I have the following DataFrame:
user category x y
0 AB A 1 1
1 EF A 1 1
2 SG A 1 0
3 MN A 1 0
4 AB B 0 0
5 EF B 0 1
6 SG B 0 1
7 MN B 0 0
8 AB C 1 1
9 EF C 1 1
10 SG C 1 1
11 MN C 1 1
I want to select users that have x=y in all categories. I was able to do that using the following code:
data = pd.DataFrame({'user': ['AB', 'EF', 'SG', 'MN', 'AB', 'EF',
'SG', 'MN', 'AB', 'EF', 'SG', 'MN'],
'category': ['A', 'A', 'A', 'A', 'B', 'B',
'B', 'B', 'C', 'C', 'C', 'C'],
'x': [1,1,1,1, 0,0,0,0, 1,1,1,1],
'y': [1,1,0,0, 0,1,1,0, 1,1,1,1]})
data = data[data['x'] == data['y']][['user', 'category']]

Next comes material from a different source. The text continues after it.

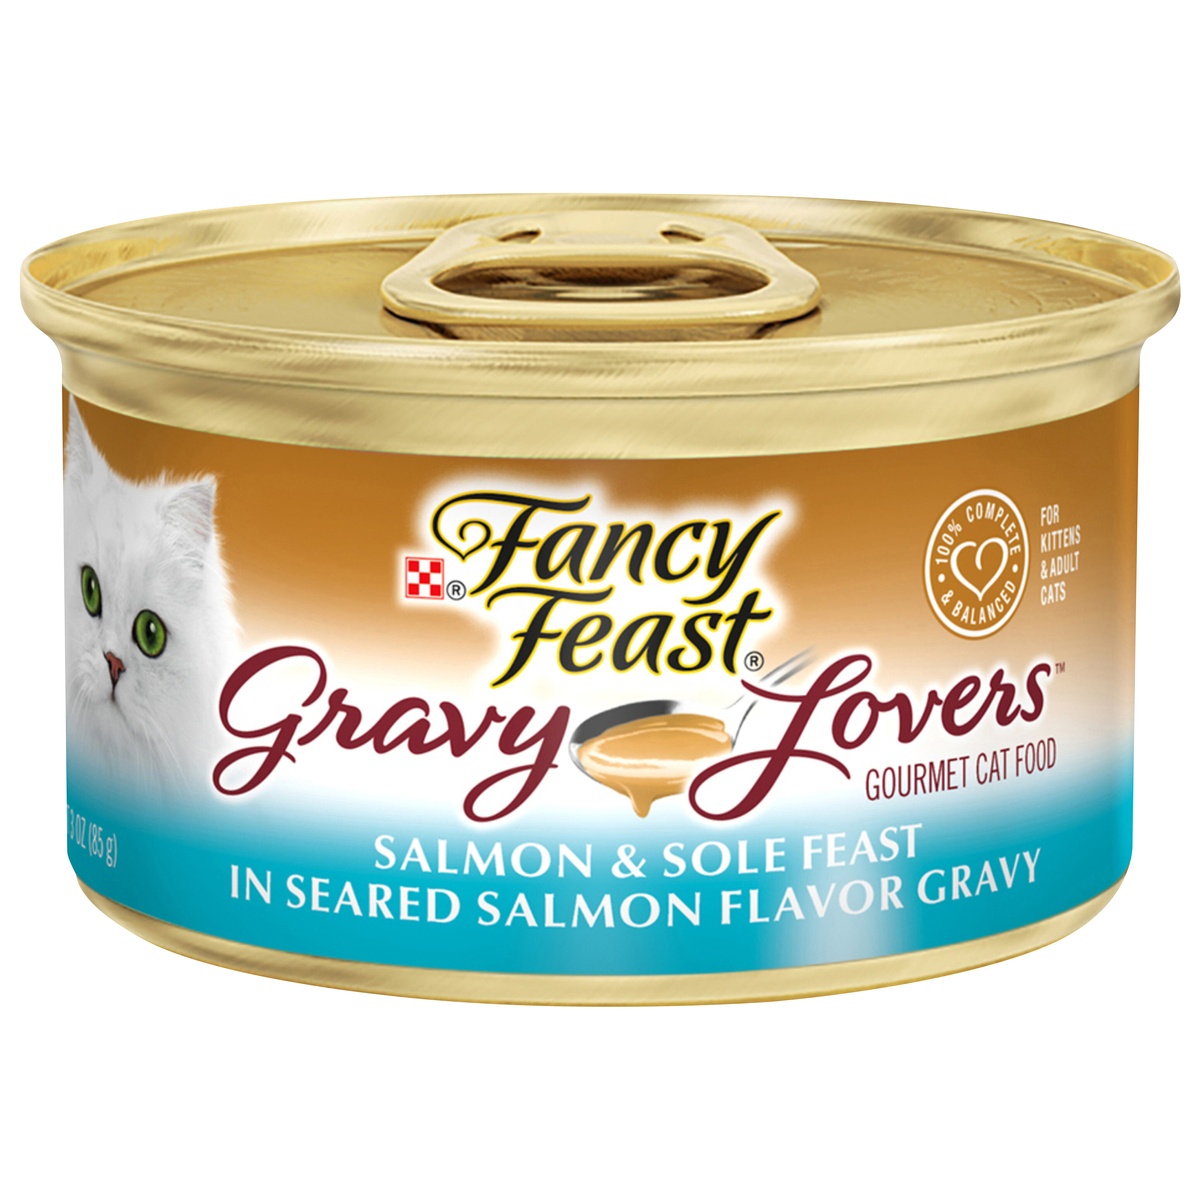 slide 1 of 8, Purina Fancy Feast Gravy Lovers Cat Food, Salmon & Sole in Gravy, 3 oz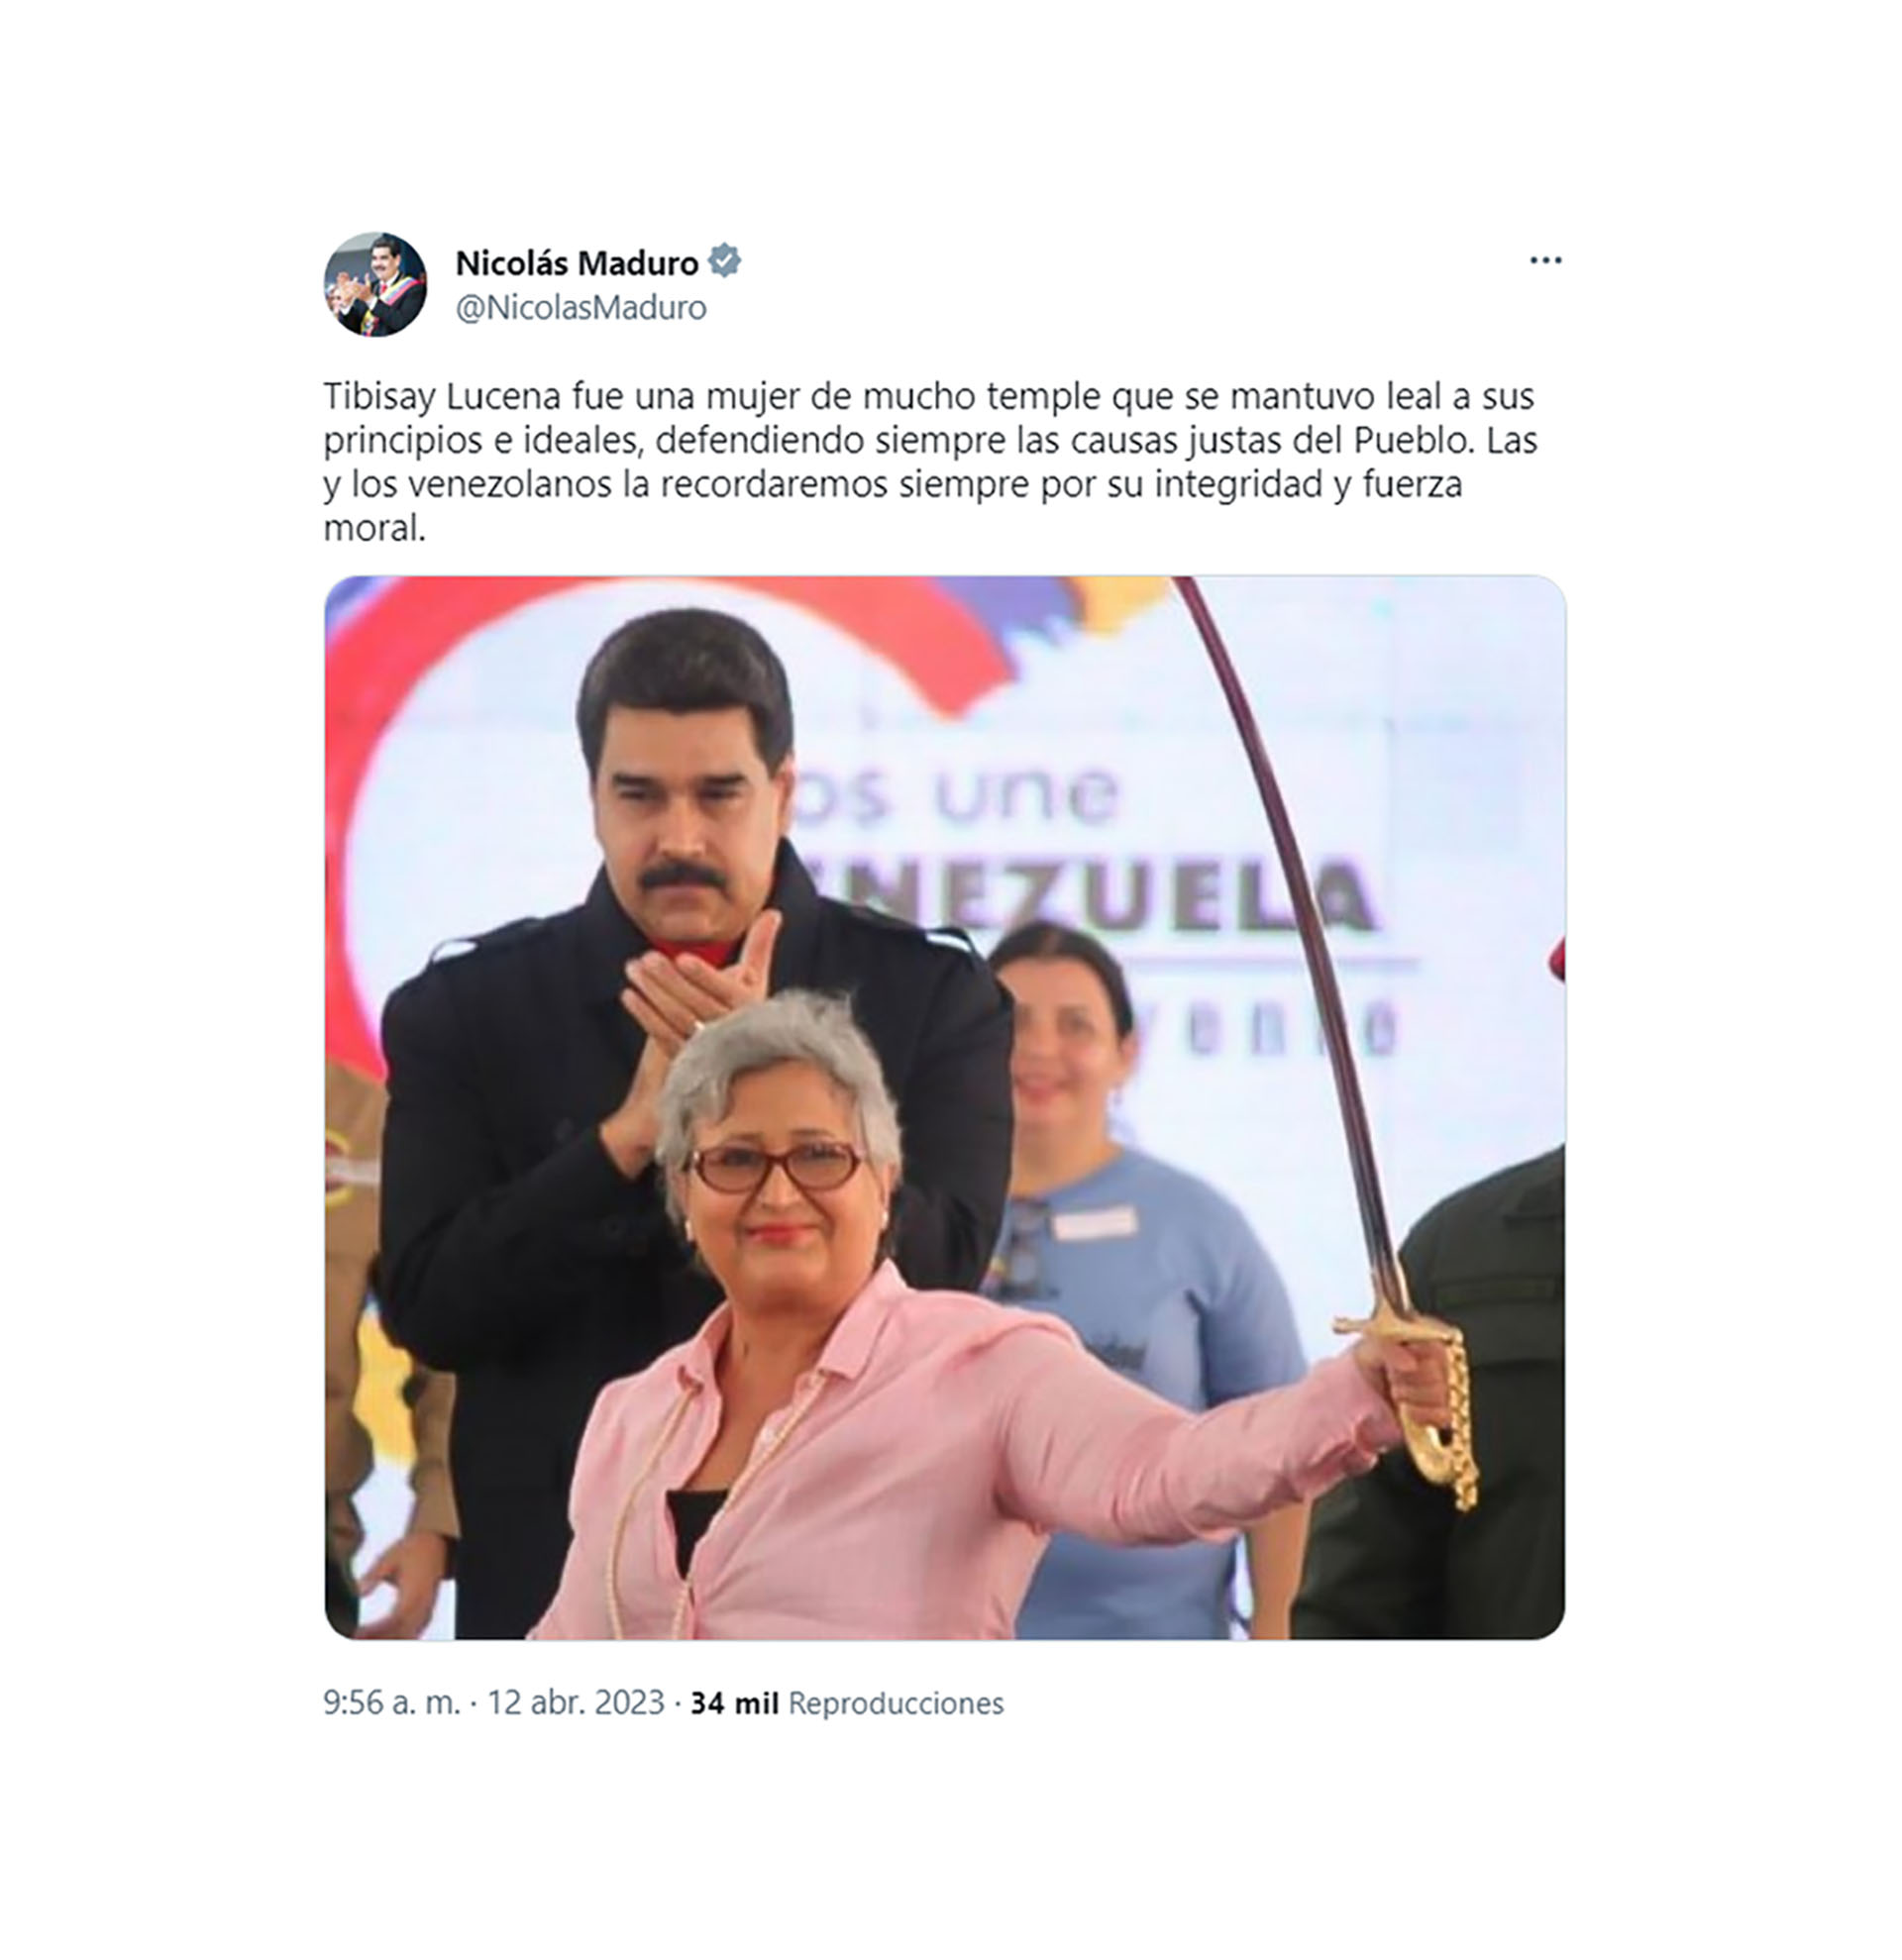 El mensaje de Nicolás Maduro

count_users_match = data.groupby('user', as_index=False).count()
count_cat = data['category'].unique().shape[0]
print(count_users_match[count_users_match['category'] == count_cat])
Output:
user category
0 AB 3
I felt that this is a quite long solution. Is there any shorter way to achieve this?
CodePudding user response:
Try this:
filtered = df.x.eq(df.y).groupby(df['user']).sum().loc[lambda x: x == df['category'].nunique()].reset_index(name='category')
Output:
>>> filtered
user category
0 AB 3
CodePudding user response:
We could use query groupby size to find the number of matching categories for each user. Then compare it with the number of categories for each user:
tmp = data.query('x==y').groupby('user').size()
out = tmp[tmp == data['category'].nunique()].reset_index(name='category')
Output:
user category
0 AB 3
CodePudding user response:
This is a more compact way to do it, but I don't know if it is also more efficient.
out = [{'user': user, 'frequency': data.loc[data['x'] == data['y']]['user'].value_counts()[user]} for user in data['user'].unique() if data.loc[data['x'] == data['y']]['user'].value_counts()[user] == data['user'].value_counts()[user]]
>>> out
[{'user': 'AB', 'frequency': 3}]